I have thus plainly stated my views as to the extent of the admiralty jurisdiction of this court, that, from the decision necessarily made in the present suit, no misapprehension should exist of the purpose of the court to exercise that jurisdiction in all cases of maritime contracts, when they properly arise. The obstacle in the way here is not necessarily in the character of the contract, but in the mode of procedure claimed by counsel. The twenty-second rule in admiralty prescribed by the supreme court of the United States, directs the mode of procedure in all petitory or possessory suits between part owners or adverse proprietors of a ship. It declares the process shall be an arrest of the vessel and by a monition to the adverse party to appear and make answer to the suit. The rule requires a joint proceeding in rem and in personam.
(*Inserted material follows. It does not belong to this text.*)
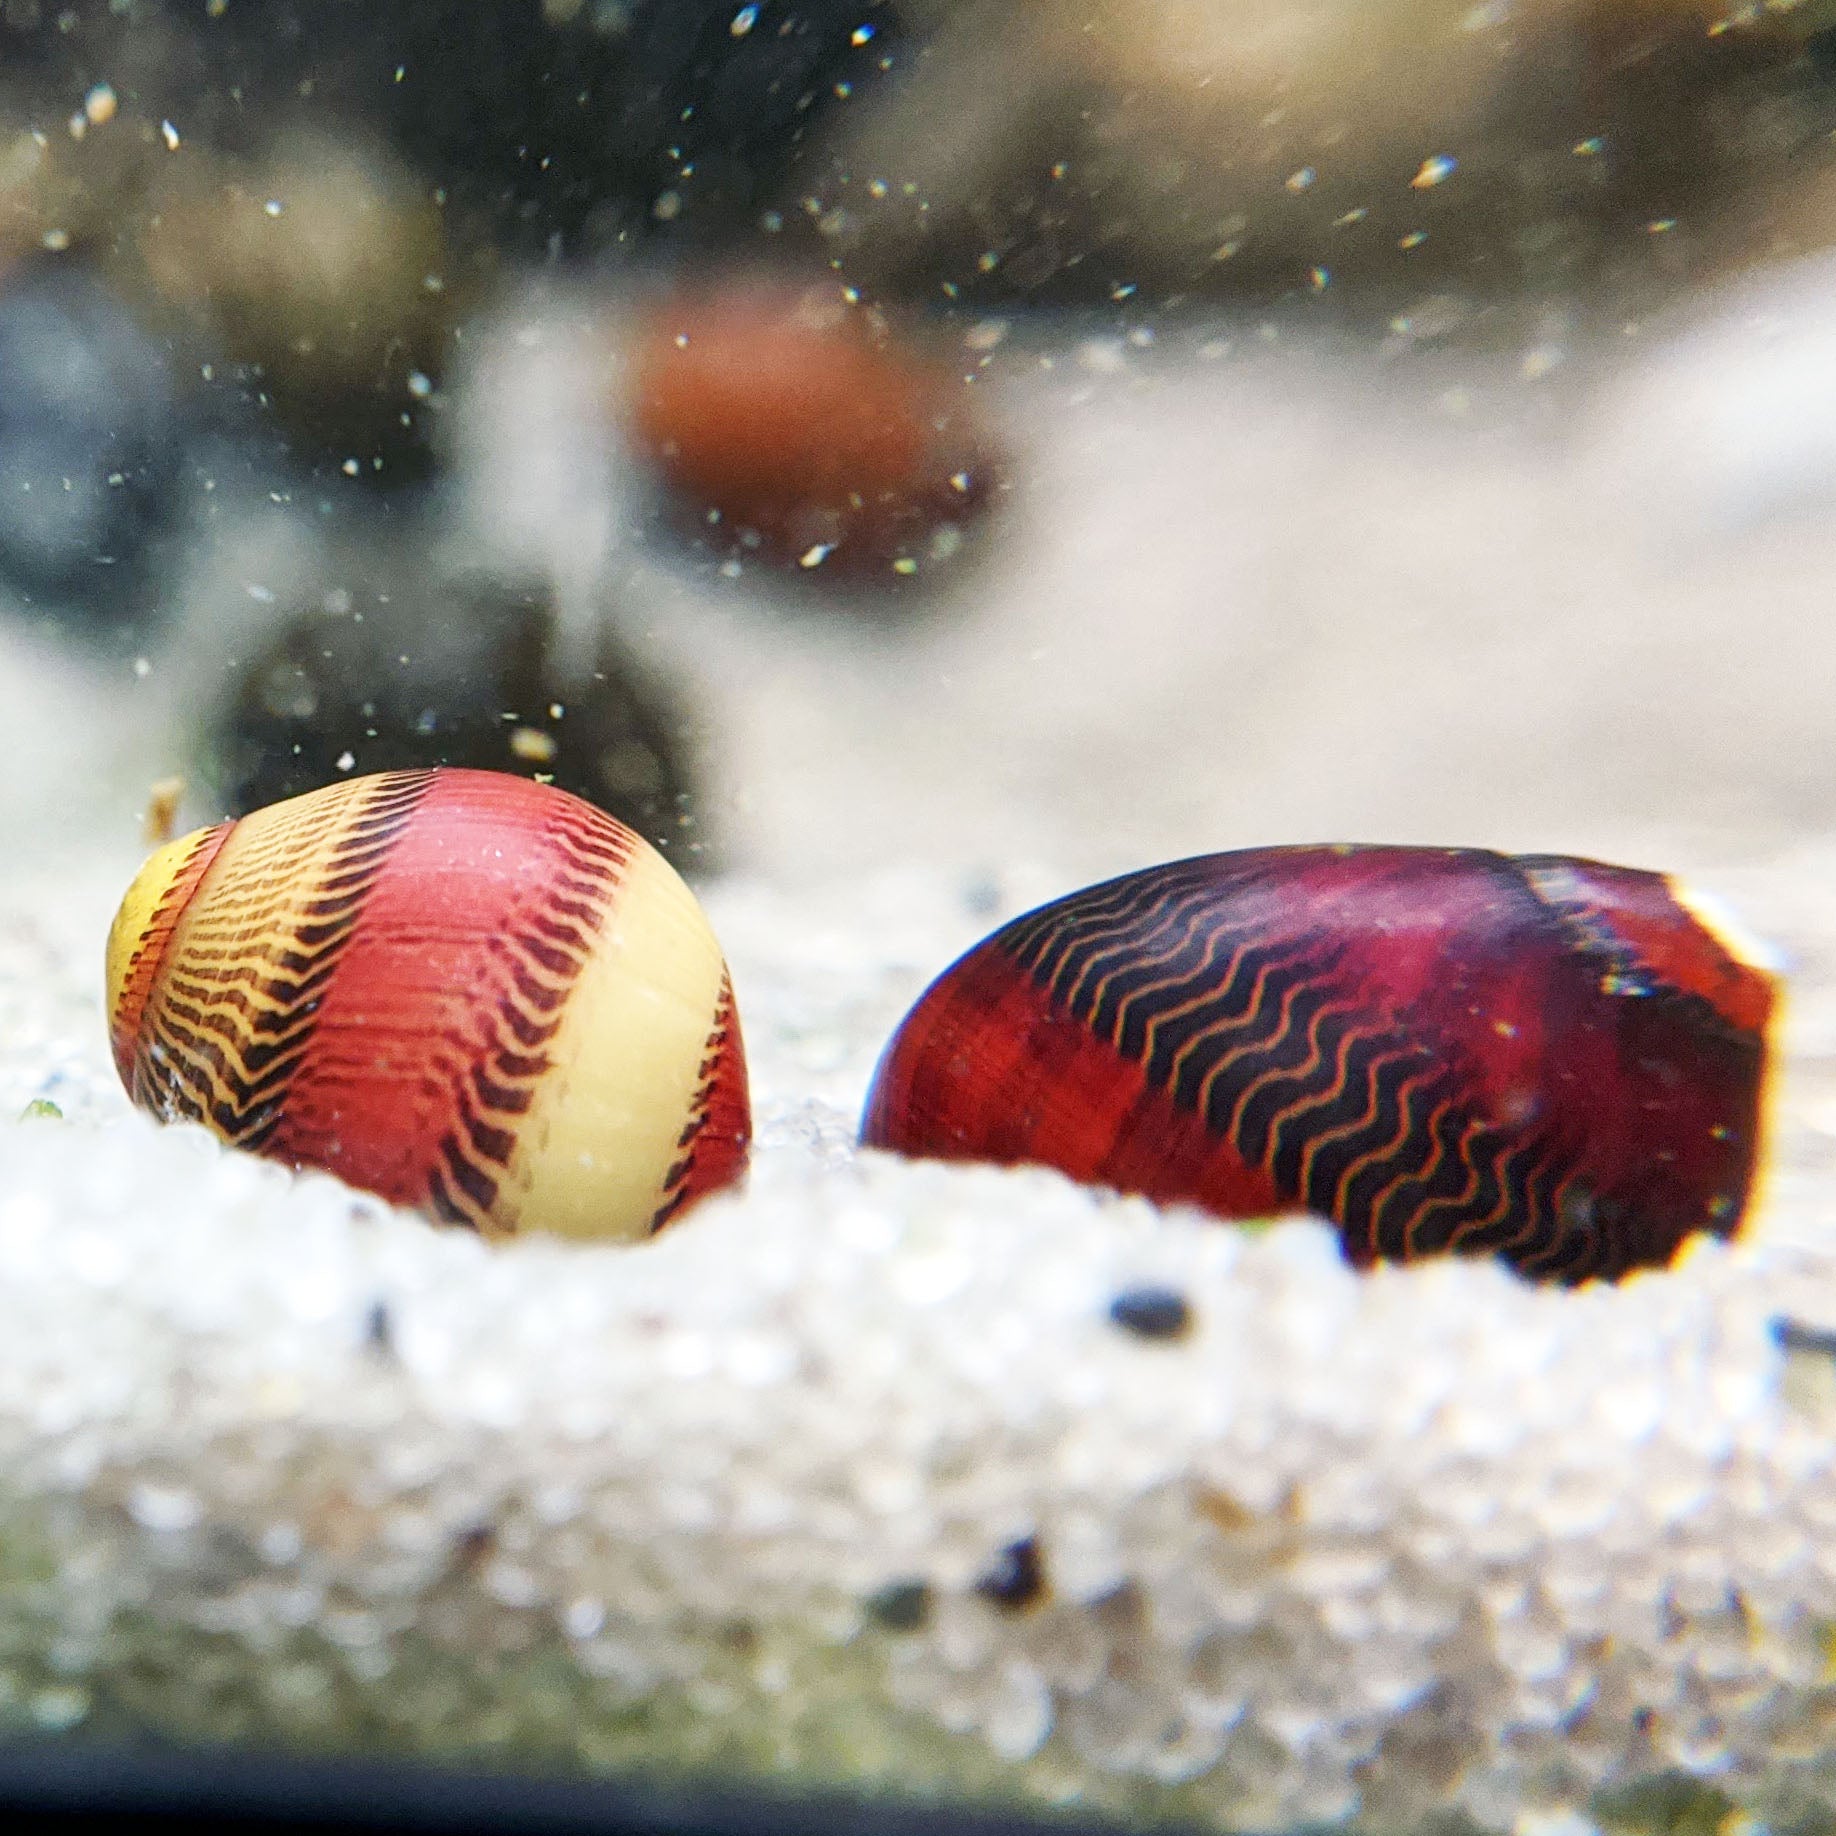 Red racer nerite snails.

The libel is the foundation for the action of the court, and it determines the character of the decree. It cannot be amended to change the form of the action any more than a proceeding in the common law action of ejectment could be changed into an action of trespass. Such, however, would be the case if the suit should now be allowed to proceed in personam. An amended libel seeking damages for a breach of the contract would be the virtual institution of a new suit, and a novelty in admiralty practice.
The exceptions to the jurisdiction of the court are sustained, and the libel dismissed without prejudice.